For that reason, the volatile and charismatic leader of the lower house of the Russian parliament had come here. Nicolas’s own district of Chelyabinsk lay a thousand miles away, but it had similar concerns. In the Ural Mountains of his district, most of the fuel for Chernobyl had been mined, along with the plutonium for the Soviet weapons program. It remained one of the most radioactive places on the planet.

“They’re ready for you, Senator,” his aide said behind him.

He turned to face her.

Elena Ozerov, a trim raven-haired woman in her early twenties with a smoky complexion, wore a black business suit that hid her small br**sts and turned her into something androgynously asexual. She was stern, taciturn, and always at his side. The press referred to her as Nicolas’s Rasputin, which he did not discourage.

It all went along with his political plan to be seen as the bold reformer, while simultaneously harkening back to the former czarist glory of the old Russian Empire. Even his namesake, Nicolas II, the last czar of the Romanov dynasty, had been imprisoned and killed in Yekaterinburg, where Nicolas was born. While the czar had been a failed leader during his life, after his death he had been canonized by the Russian Orthodox Church. The bishops built the gold-domed Cathedral of the Blood over the home where the family had been murdered. The construction marked a symbolic rebirth of the Romanovs.

Some claimed the forty-one-year-old Senator Nicolas Solokov, with his lankish black hair and curled short beard, was the czar himself reborn.

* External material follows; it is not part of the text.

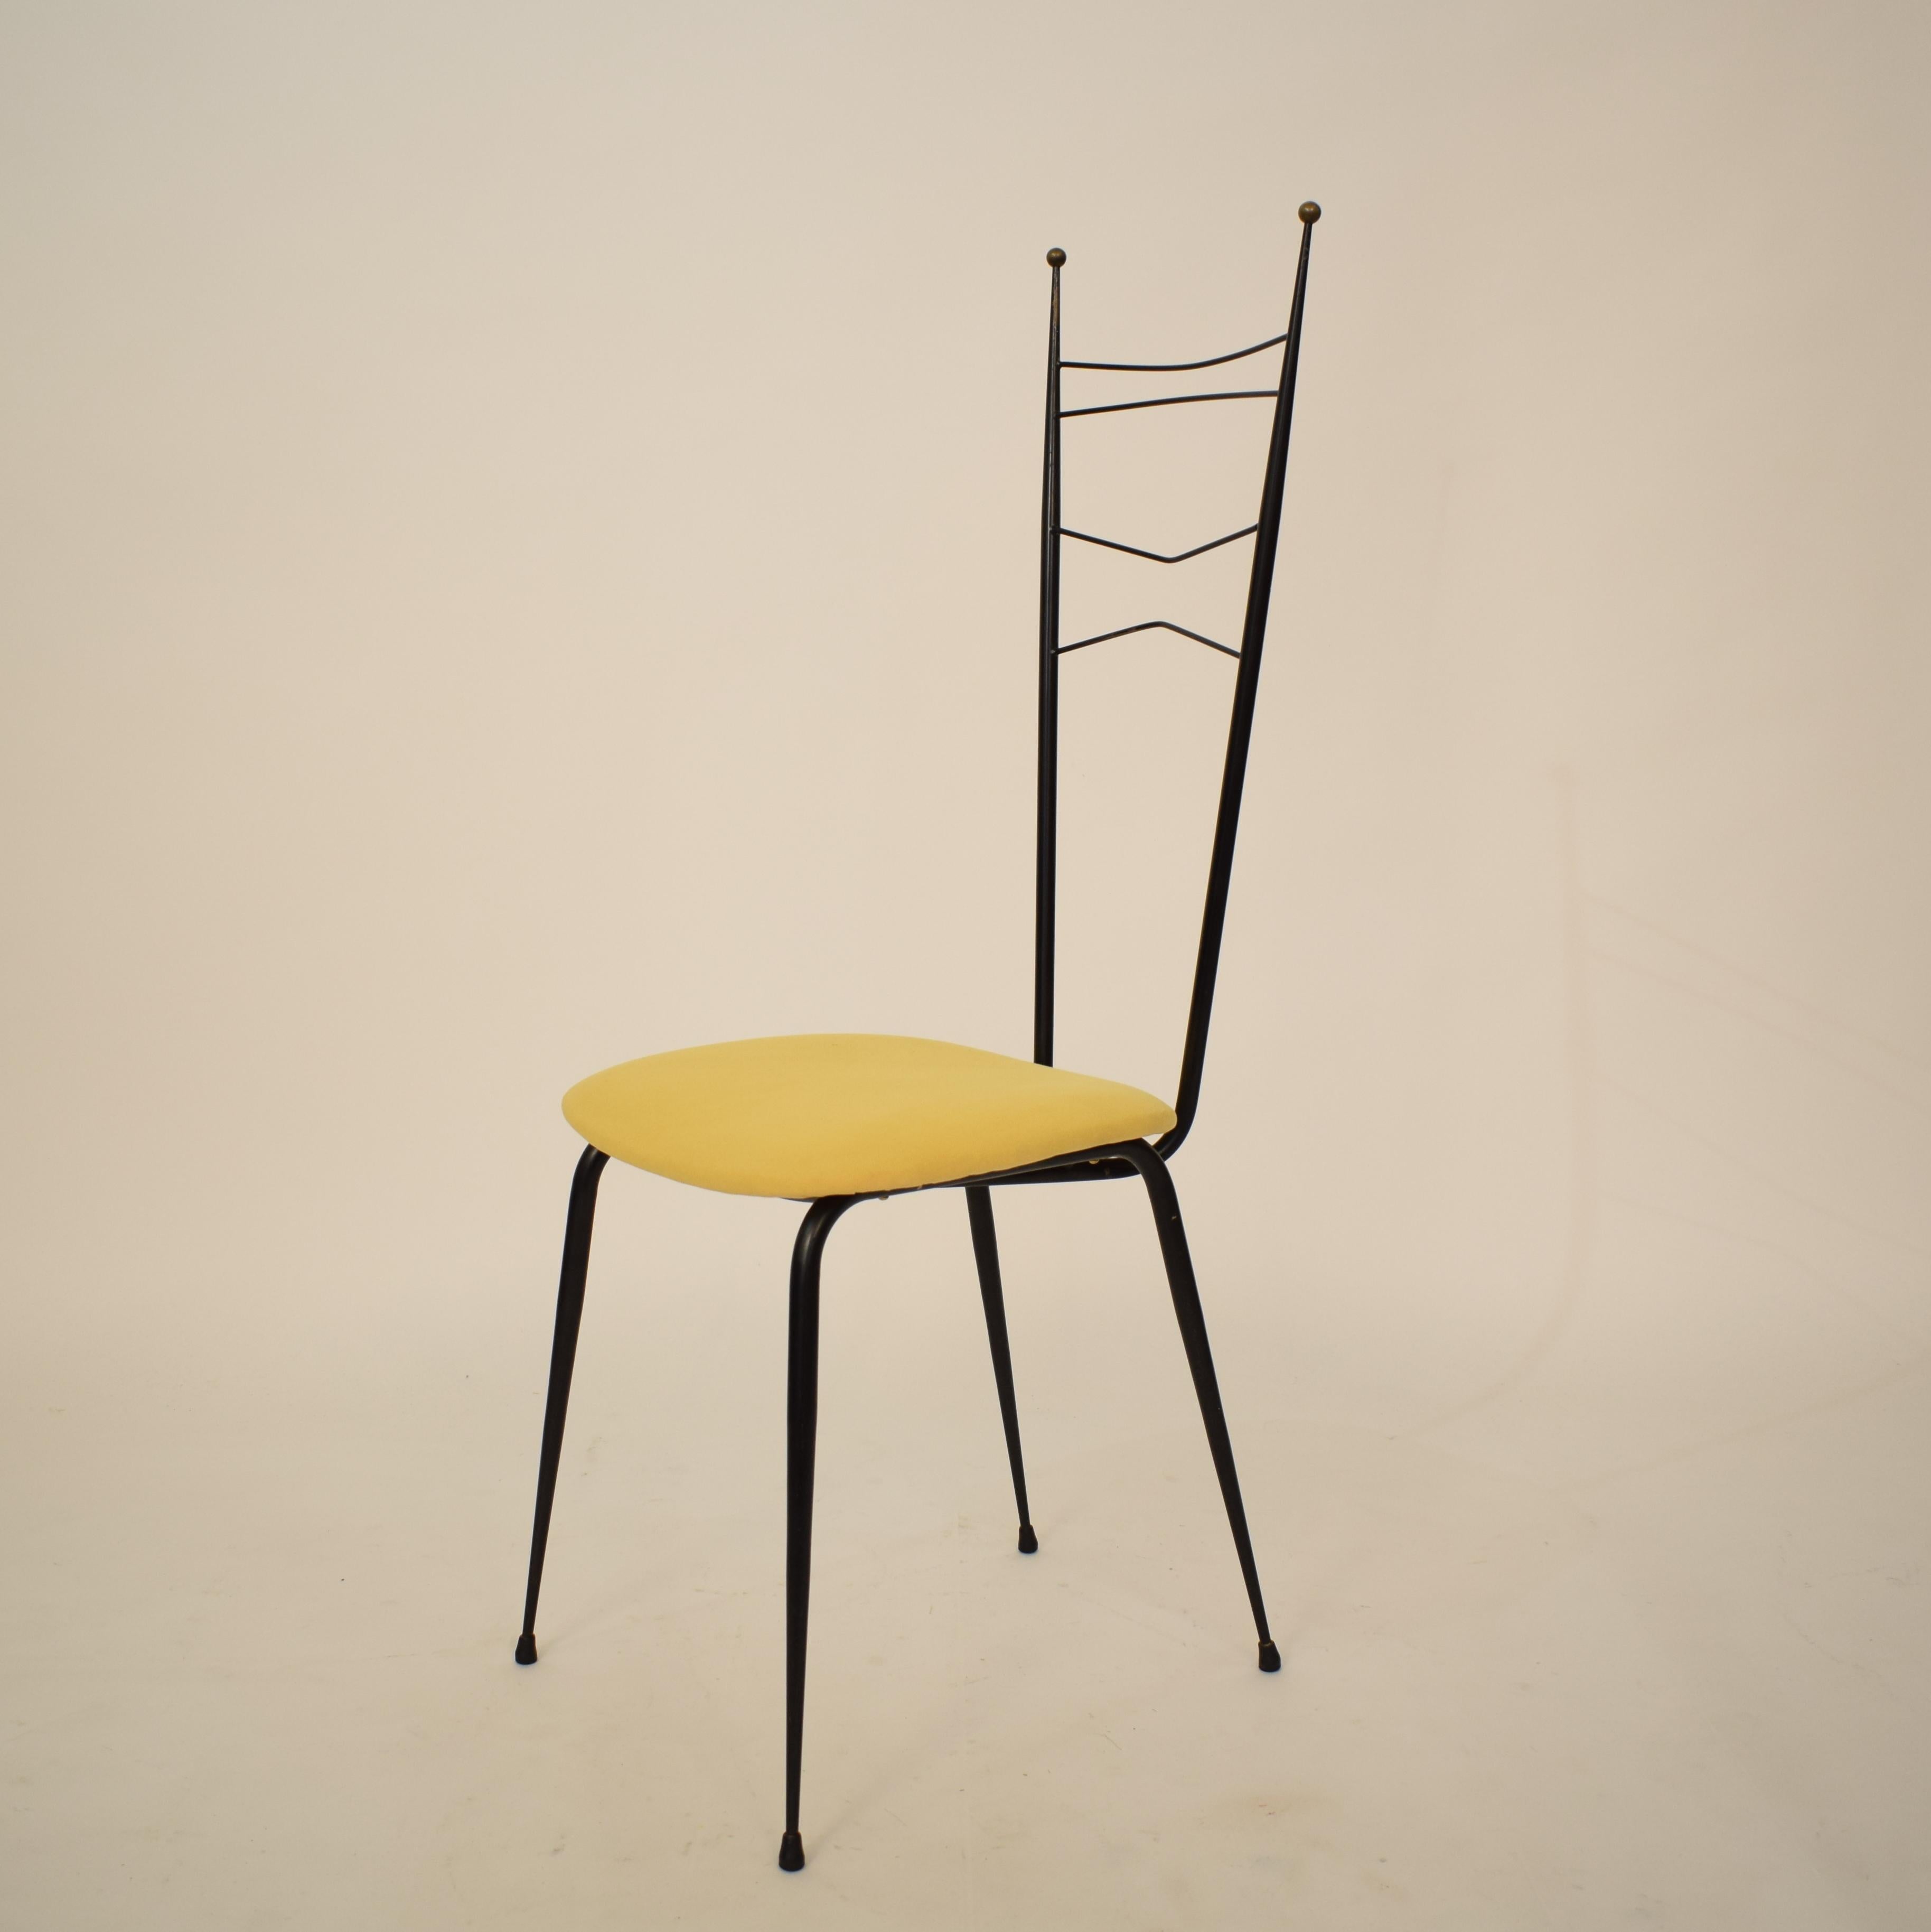 Lacquered Midcentury Italian Black and Yellow Dining Chairs Attributed to Ico Parisi, 1958

He encouraged such comparisons.

As Russia sought to rise again on shaky legs—burdened by debt and poverty, rife with graft and corruption—it needed a new leader for this new millennium.

Nicolas intended to be that leader.

And much more.

He allowed Elena to pinch away the ring of tissue paper from around his neck. She looked him up and down, then nodded her approval.

Nicolas stepped toward the lights waiting for him outside.

He pushed through the doors, followed circumspectly by Elena. The podium sat up at the top of the stairs, framed with the name of the orphanage behind him.

He marched to the bristle of microphones at the podium and held an arm high against the barrage of questions. He heard one reporter shout a question about his former ties to the KGB, another about his family’s financial connections to the vast mining operations out in the Ural Mountains. As he rose in power, so did the voices of those who sought to pull him down.

Ignoring the questions, he set his own agenda.

Leaning toward the microphones, he let his voice boom out over the nattering questions. “It is time to shut these doors!” he shouted, pointing back toward the entrance to the orphanage behind him. “The children of the Ukraine, of Belarus, of all of Mother Russia, have suffered from the sins of our past. Never again!”